Music Composition & Experimental Systems

Music Composition & Experimental Systems
My compositional processes involve experimental research into systems that have the potential to transcend typical boundaries. At the onset, I view the objects and the conditions of each system to be inextricably linked with each other in a given unit. However, due to the resultant bifurcations of the scaled manipulations of objects within dynamical systems, the outputs are mandatorily underdetermined.
Within my research process, epistemic (of or relating to knowledge or knowing) bits of one system edgerton_93_intitulata fontegara_score02_smallmay be translated crossmodally into technical tools and used to build the syntactic conditions of the system. Likewise parts of the technical system can acquire epistemic status and thus impact the semantic underlay of a system. Such dialectics between epistemicity and technicity is at the inner core of an experimental system; it is its driving force. Simultaneously, experimental systems must be able to undergo ruptures, fissures and all manner of alteration in order to unlock the potential of dynamical systems – to release the unanticipated. In order to become vital, experimental systems must generate meaningful differences that extend in time as emergent, then vanishing phenomena.
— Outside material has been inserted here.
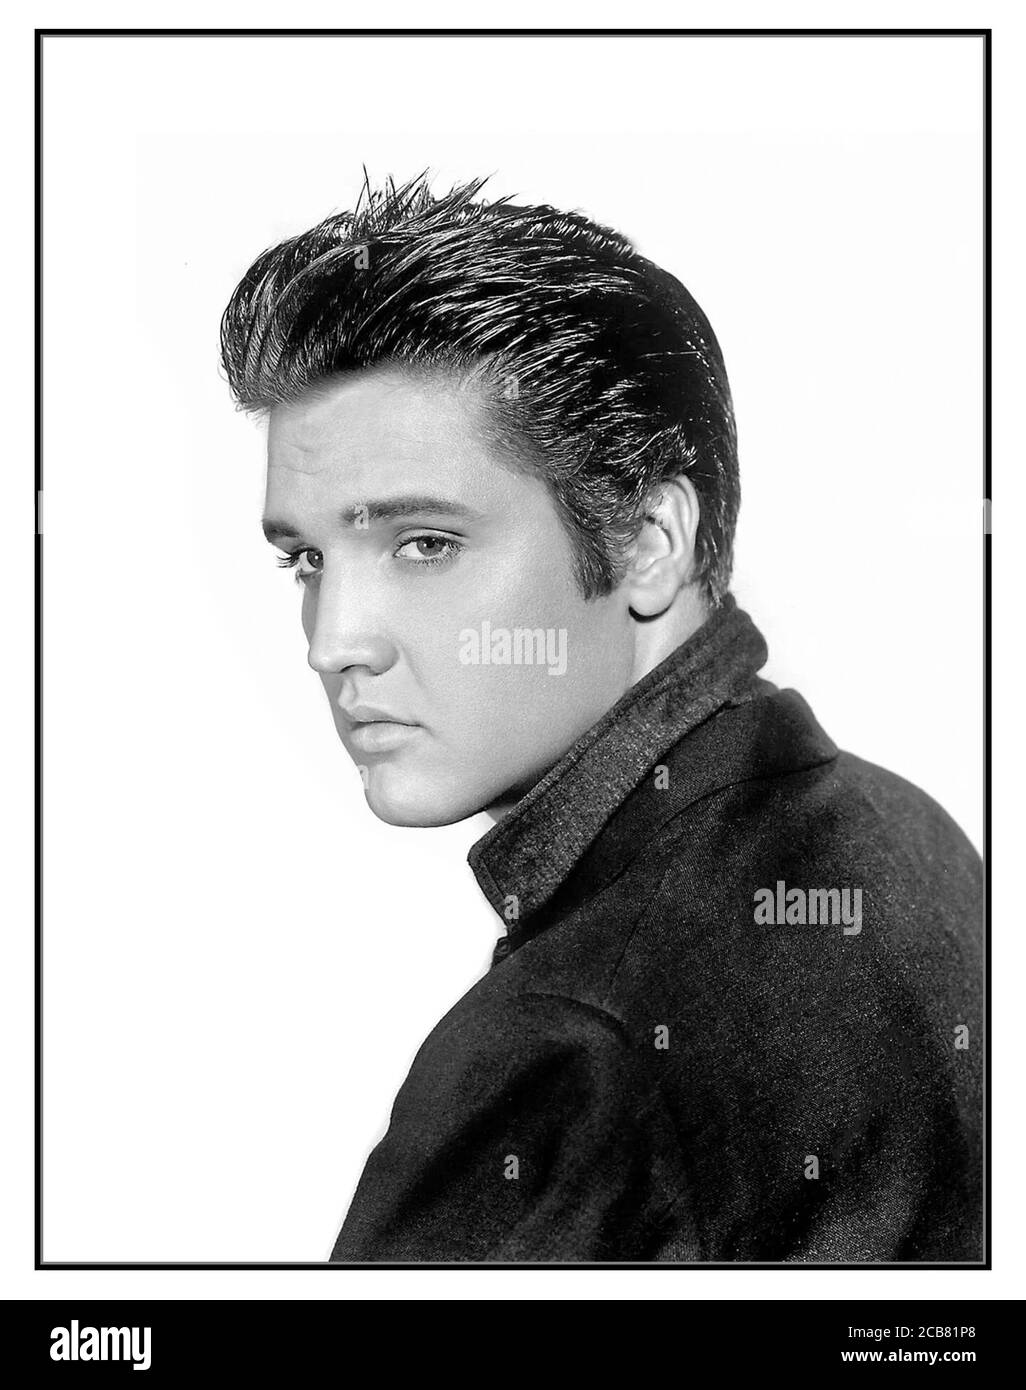 ELVIS PRESLEY '50's Vintage 1950's Hollywood film studio presse portrait promotionnel encore d'Elvis Presley 'The King' Banque D'Images

It is my contention that meaning exceeds those units within which knowledge is produced. In other words those uncertain epistemic topologies do not always neatly remain within spaces of representation. Rather, the recorded, articulated, dislocated, rearranged, reinforced and substituted traces may expand beyond confined spaces of representation while still proposing a continuity of systemic experimentation. The development of such procedures is pursued with the desire to continue experimental culture in order to learn from the past – conceptually similar to the scientific necessity of the historically obsolete. The idea of experimental culture as an articulated ensemble of systems could allow histories to be written without the burden of specific disciplinary constraints – to impact not only systems of thought, experimental procedure and artistic insight, but also a real-world approach to civics.

(From: Intitulata Fontegara #93, 2016)

Such a comparative investigation of complex structures will help us to understand how new knowledge arises in the process of research. The argument is that experimental systems derive their dynamics from the digressions and transgressions of smaller units embedded at lower levels. Viewed structurally, novelty appears to allow for the generation of singularities that transcends our capacities of anticipation, yet one that may be produced in a regulated manner.
The reality of an epistemic thing explored within experimentation resides in its resistance, its resilience, its capacity and obstacle of practice, to reveal the dynamical basis of the biophysical world – the unexpected and unprecedented.